Differential Equations with Discontinuous Forcing Functions

1. Nov 24, 2014

_N3WTON_

1. The problem statement, all variables and given/known data
Solve the given initial value problem:
$y'' + y = u(t-\pi) - u(t-2 \pi)$
$y(0) = 0$
$y'(0) = 1$

2. Relevant equations

3. The attempt at a solution
First I took the Laplace transform of both sides:
$\mathcal{L}[y'' + y ] = \mathcal{L}(u(t-\pi)) - \mathcal{L}(u(t-2 \pi))$
$(s^{2}Y(s) - sy(0) - y'(0)) + Y(s) = \frac{e^{-\pi s}}{s} - \frac{e^{-2 \pi s}}{s}$
$s^{2}Y(s) - 1 + Y(s) = \frac{e^{-\pi s}-e^{-2 \pi s}}{s} + 1$
$Y(s)(s^{2}+1) = \frac{e^{-\pi s}-e^{-2 \pi s}+s}{s}$
$Y(s) = \frac{e^{-\pi s}-e^{-2 \pi s} + s}{s(s^{2}+1)}$
At this point I get stuck, I tried doing a partial fraction decomp, but that didn't seem to get me anywhere closer to the solution..

2. Nov 24, 2014

LCKurtz

I haven't checked your algebra, but assuming it is correct you need to use the formula$$\mathcal Lf(t-a)u(t-a) = e^{-as}\mathcal L(f(t)) = e^{-as}F(s)$$So if you have a transform $F(s)$ that is multiplied by $e^{-as}$ all you have to do is invert the $F(s)$ to $f(t)$ then truncate and translate it go get $f(t-a)u(t-a)$. So just break up your problem into three fractions and work them separately.

3. Nov 24, 2014

_N3WTON_

ah, ok.. So I'll have something like:
$Y(s) = \frac{e^{-\pi s}}{s(s^{2}+1)} - \frac{e^{-2\pi s}}{s(s^{2}+1)} + \frac{1}{s^{2}+1}$
Then I would do a decomposition on this last fraction and then apply the inverse Laplace?

4. Nov 24, 2014

LCKurtz

Yes.
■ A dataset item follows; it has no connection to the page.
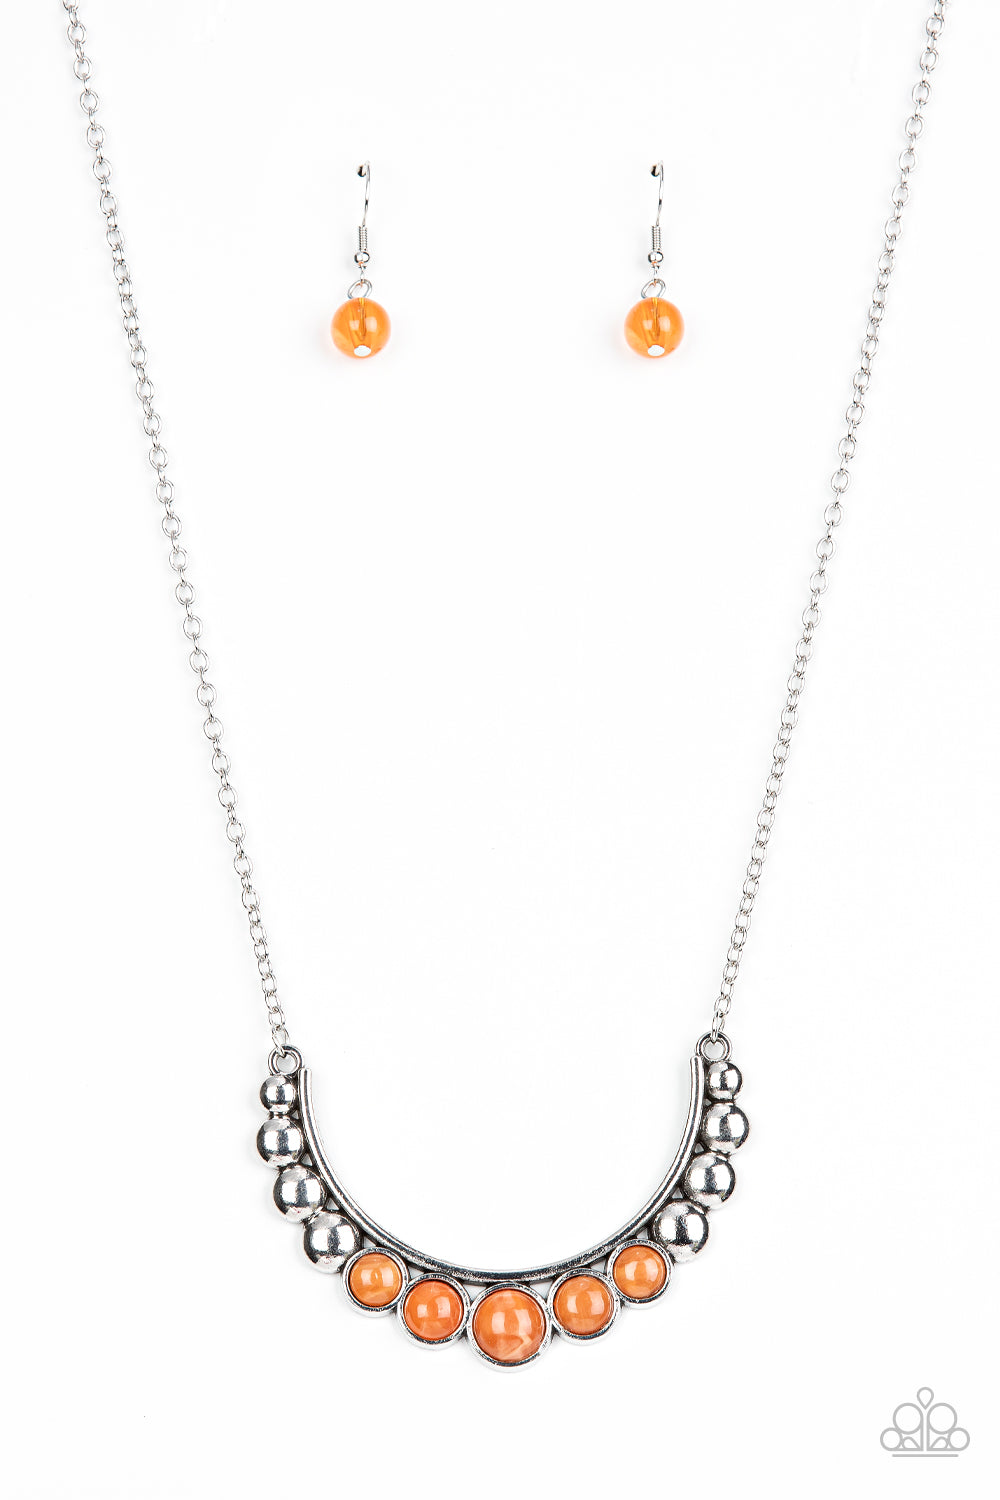 silver, silver jewelry, affordable jewelry, paparazzi accessories, everyday accessories, orange, moon stone, necklace, medium necklace, 
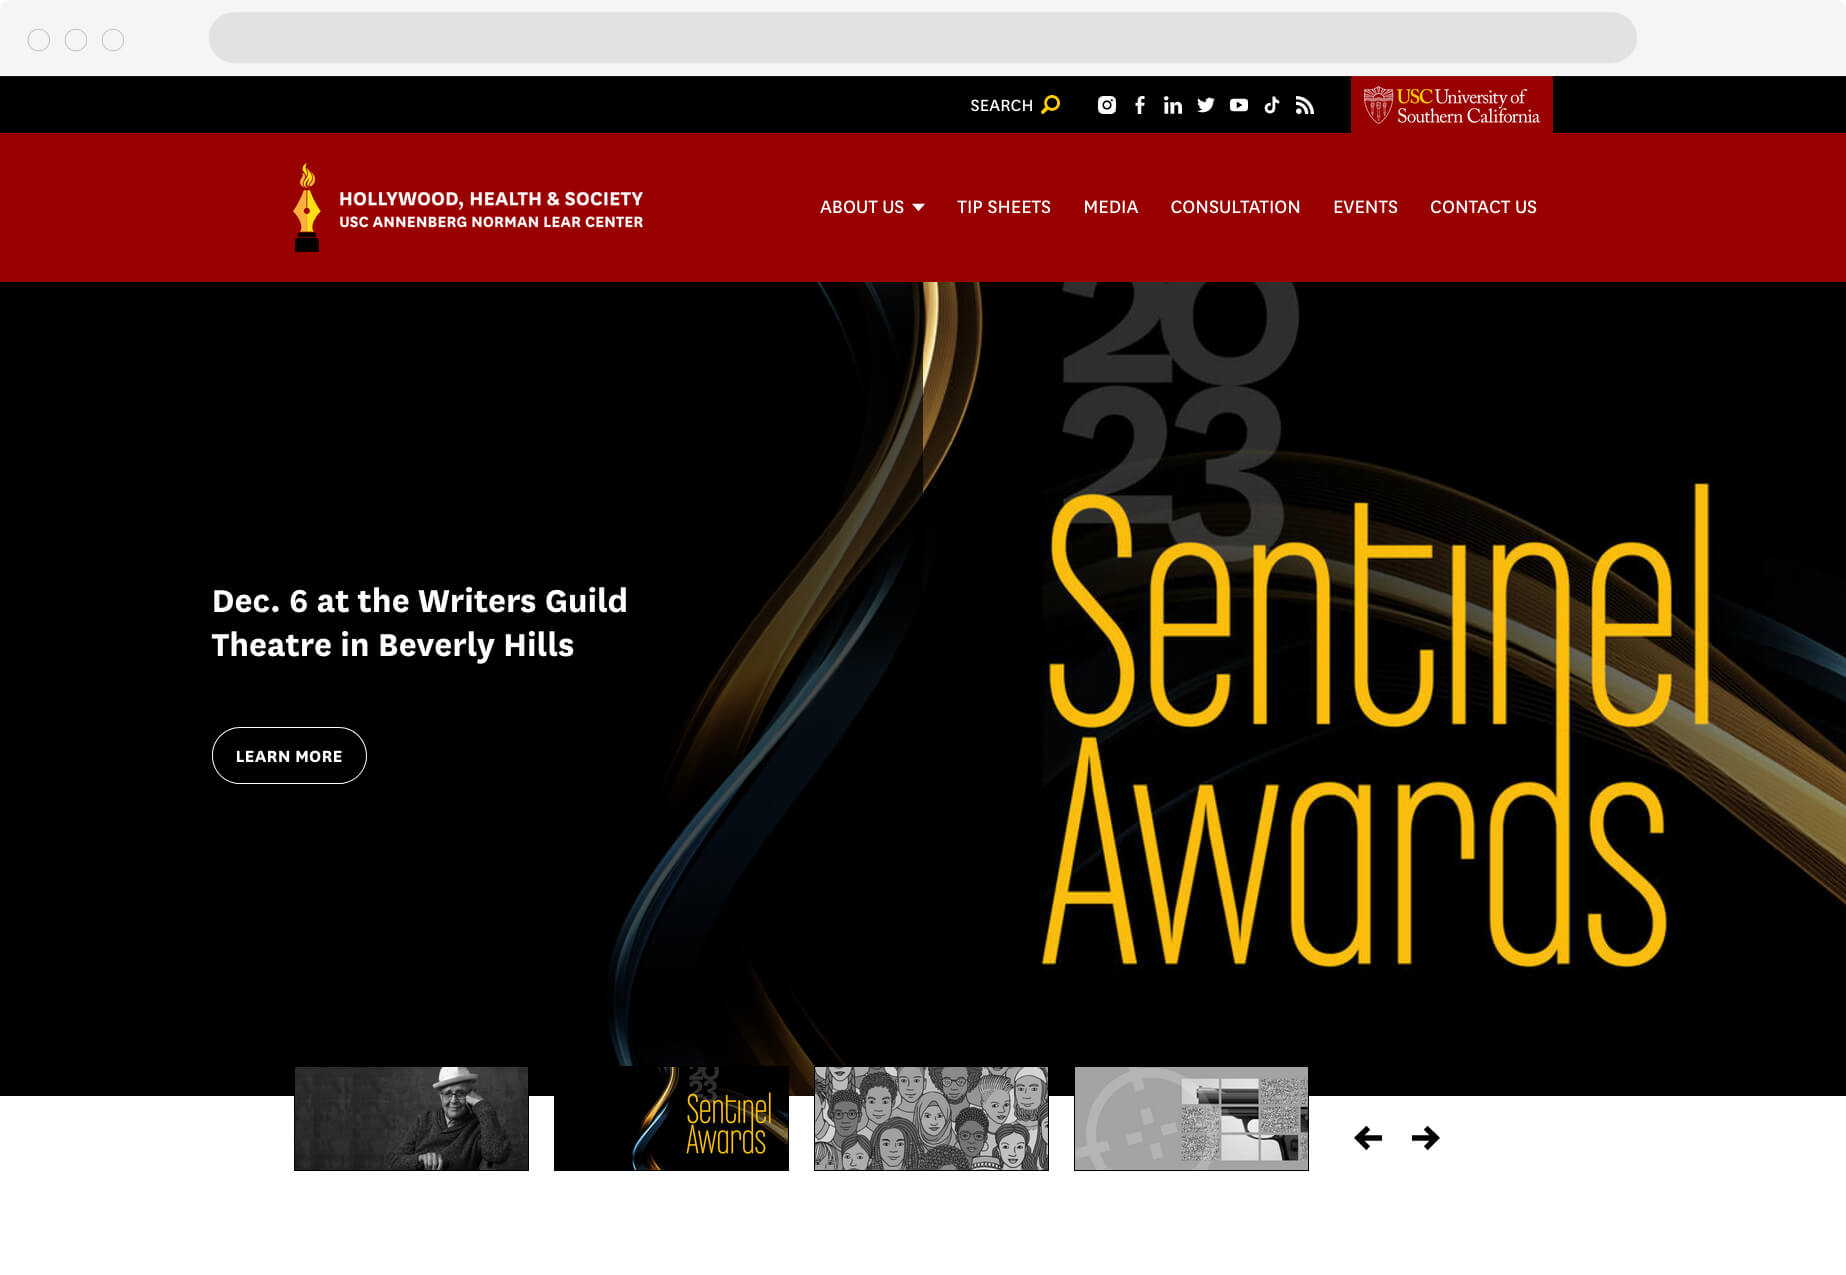 Hollywood Health and Society homepage with clear top navigation and a hero area featuring their Sentinel Awards annual event.

Use the formula on each of the first two and do the third one by itself. Then add the three answers.

5. Nov 24, 2014

_N3WTON_

ok...I'm getting a lot of terms so I wanted to make sure I'm doing this correctly. For my decomposition I found:
$\frac{1}{s(s^{2}+1)} = \frac{1}{s} - \frac{s}{s^{2}+1}$
Therefore, I found the following:
$Y(s) = \frac{e^{-\pi s}}{s} - \frac{se^{-\pi s}}{s^{2}+1} - \frac{e^{-2\pi s}}{s} + \frac{se^{-2\pi s}}{s^{2}+1} - \frac{1}{s^{2}+1}$
So after applying the inverse Laplace I get:
$y(t) = u(t - \pi)-\cos (t-\pi)u(t-\pi) - u(t -2\pi)+\cos (t-2\pi)u(t-2\pi)+\sin t$
The above answer can probably be simplified, but I'll worry about that later :)

Last edited: Nov 24, 2014
6. Nov 24, 2014

LCKurtz

That's the idea. Hopefully it's starting to look more like your given solution.

7. Nov 24, 2014

_N3WTON_

It definitely looks close, the given solution is:
$\sin t + u(t-\pi)(1-\cos (t-\pi)) - u(t-2\pi)(1-\cos (t -2\pi))$
I need to check and make sure my signs are okay, but I think I've got the hang of it, thanks for the help!